The more obvious solution is to stop index linking and so lower required contributions. Not obvious that younger generations need to again take a hit here.
"6% yield needed". When you find out that year in year out safe 6 %, do let me know. My savings account with nationwide pays < 0.1 % at the moment. My USS investment, 'cautious fund' this year has earned the square root of zero this year so far. "we, collectively, take the risk" The whole reason the pensions regulator was set up was that underfunded schemes took down companies, made current workers unemployed and stiffed pensioners. When I reach retirement I don't have the ability to 'take a risk', ill health could mean I cant go back work if my pensions gets vaporised. Whilst young staff might get other jobs, staff near retirement losing everything is awful (I remember Maxwell).
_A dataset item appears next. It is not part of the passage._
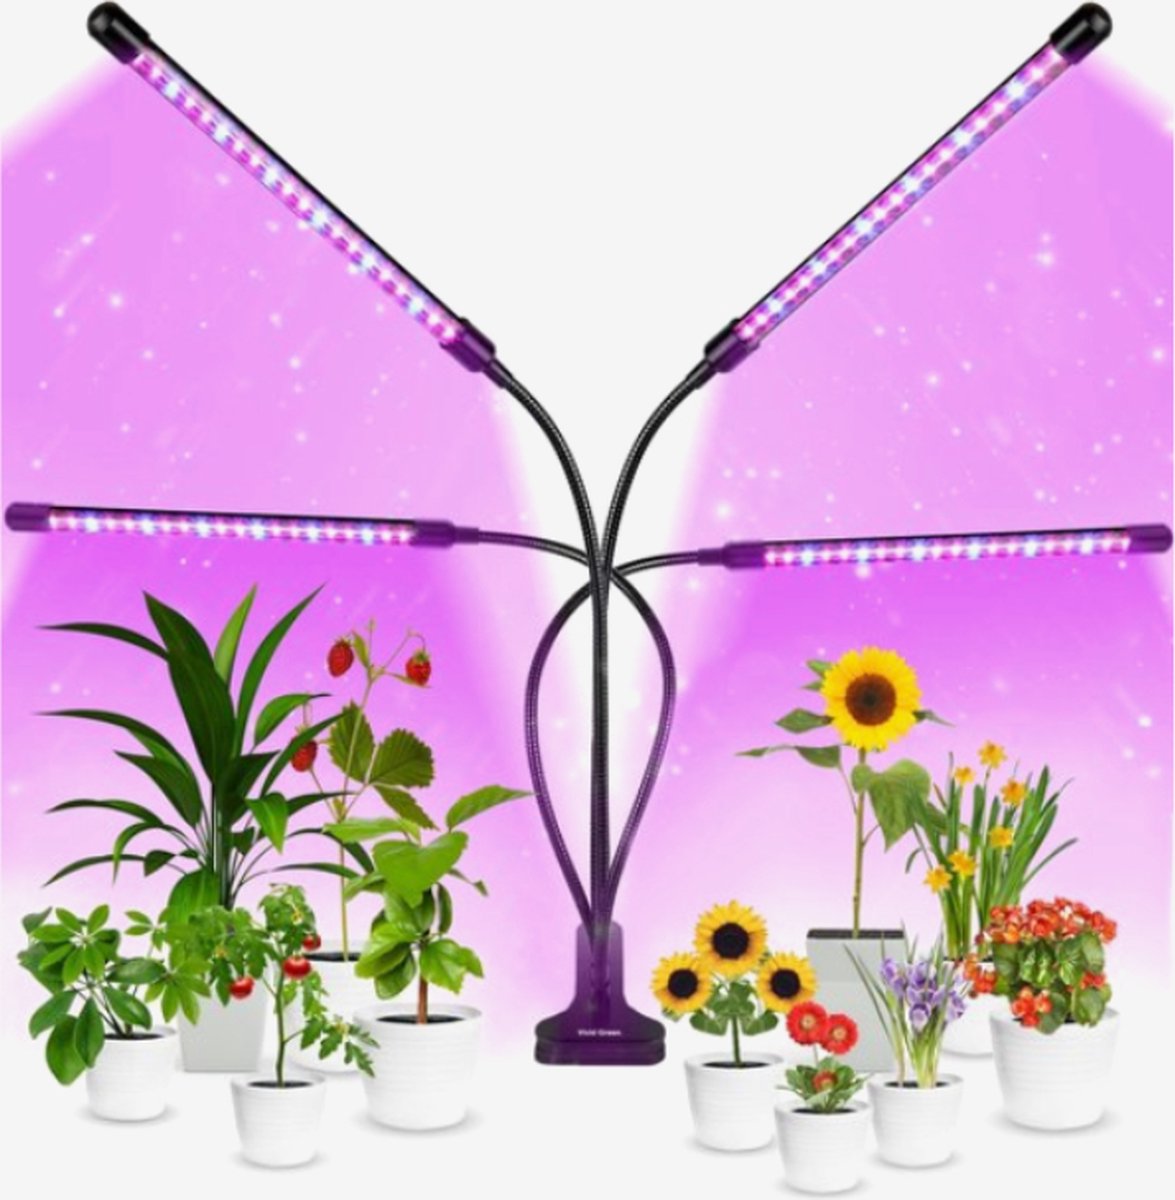 Kweeklampen voor Planten - Groeilamp - LED Full Spectrum - 40 Watt - Automatische Timer 3-9-12 uur - Inclusief Adapter - Merkloos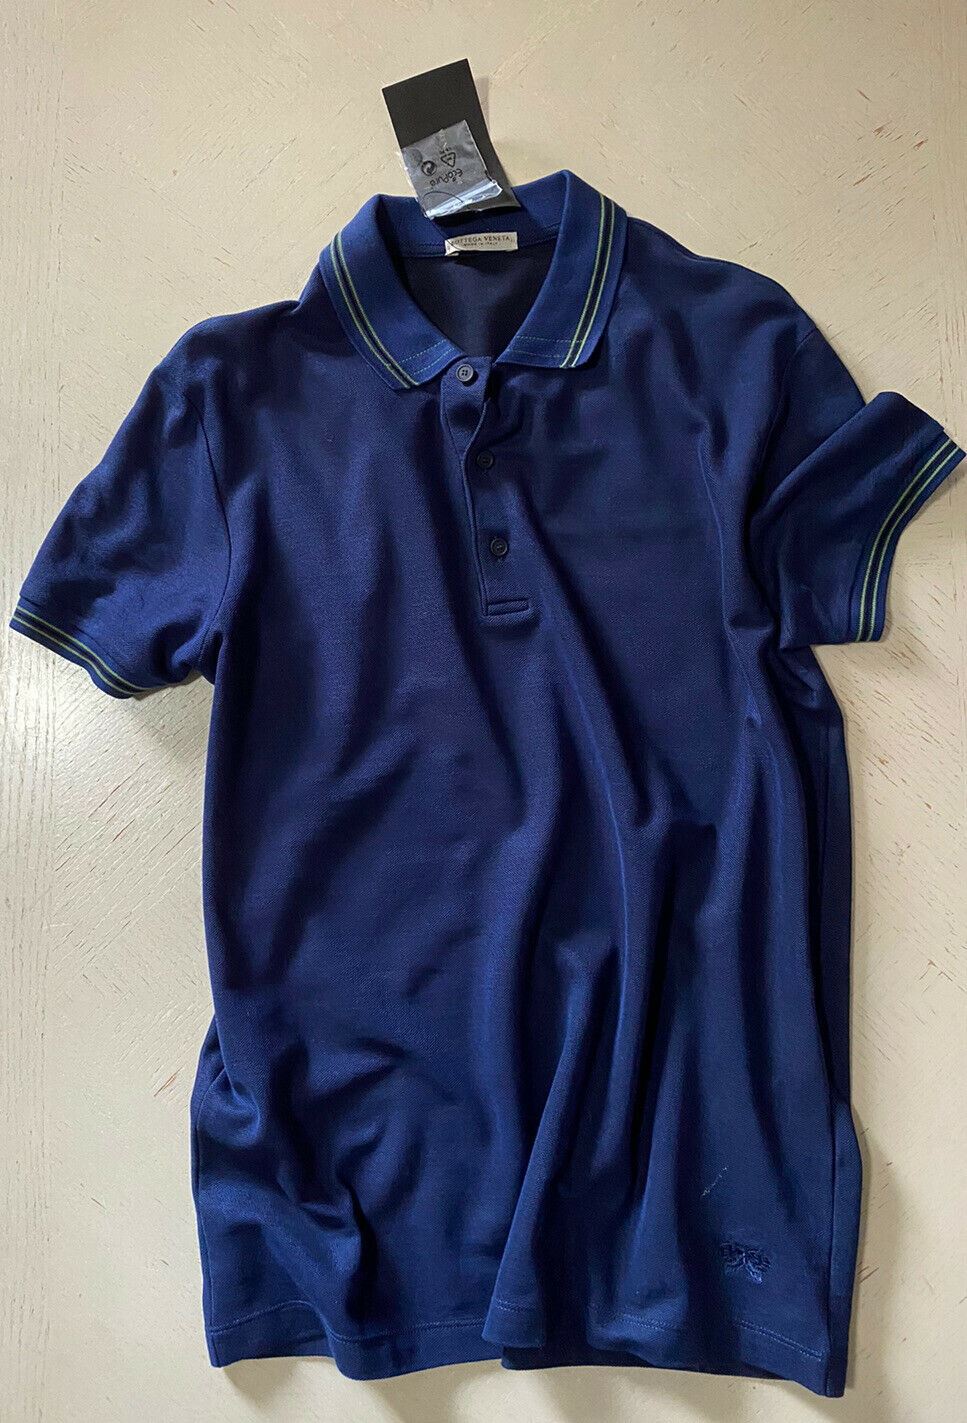 Мужская рубашка-поло Bottega Veneta, синяя, размер S, 390 долларов, США (46 евро), Италия

Its good the regulator was introduced to stop this. "24 % for Bill Gavin" Marie Antionette had nothing on this guy. The Keynes dictum is the market can remain irrational longer than you can remain solvent. By the time the UCEA and UCU finish arguing, USS will have imploded. Unless you believe BREXIT is going to transform the economy in a good way, then you like me expect the UK to be a slow growing (unhappy) place for years to come, this will blow another hole in USS. I just hope I can retire before the final collapse, because governments tend to care more about pensioners, its the young who will get shafted.
Its exactly because those retiring can't afford to take a risk that defined contrubtions are a problem. With DC everyone, everyday, takes the risk day. With DC a stock market crash wipes you out with no recourse, but even if you aren't wiped out, there is a high chance you don't make what you had planned. If you had to cash in a DC pension pot right now for annuity you'd be in deep, deep trouble. The calculus might be different for company schemes where is it possible for the employer to go bust, but that just can't happen to USS - not because a university can't go bust, but the entire sector can't go bust at once. See this post for an account of how the pensions regulations in this country, while necessary, where poorly enacted. https://henrytapper.com/2020/08/17/how-regulation-suffocated-db-pensions-pt-3-clacher-and-keating/ DC doesn't magically make economic conditions not affect pensions. If the economy is shit, all systems of providing pensions struggle. All pensions are, inherently, a ponsi scheme - the provide incomes above the money paid in by borrowing against future growth. All of them do. There is no magic bullet. Its just a case of how widely the price is spread.
But maybe the A’level fiasco will save all of us. Potentially 40% more students, 40% more income and 40% more money to support pensions.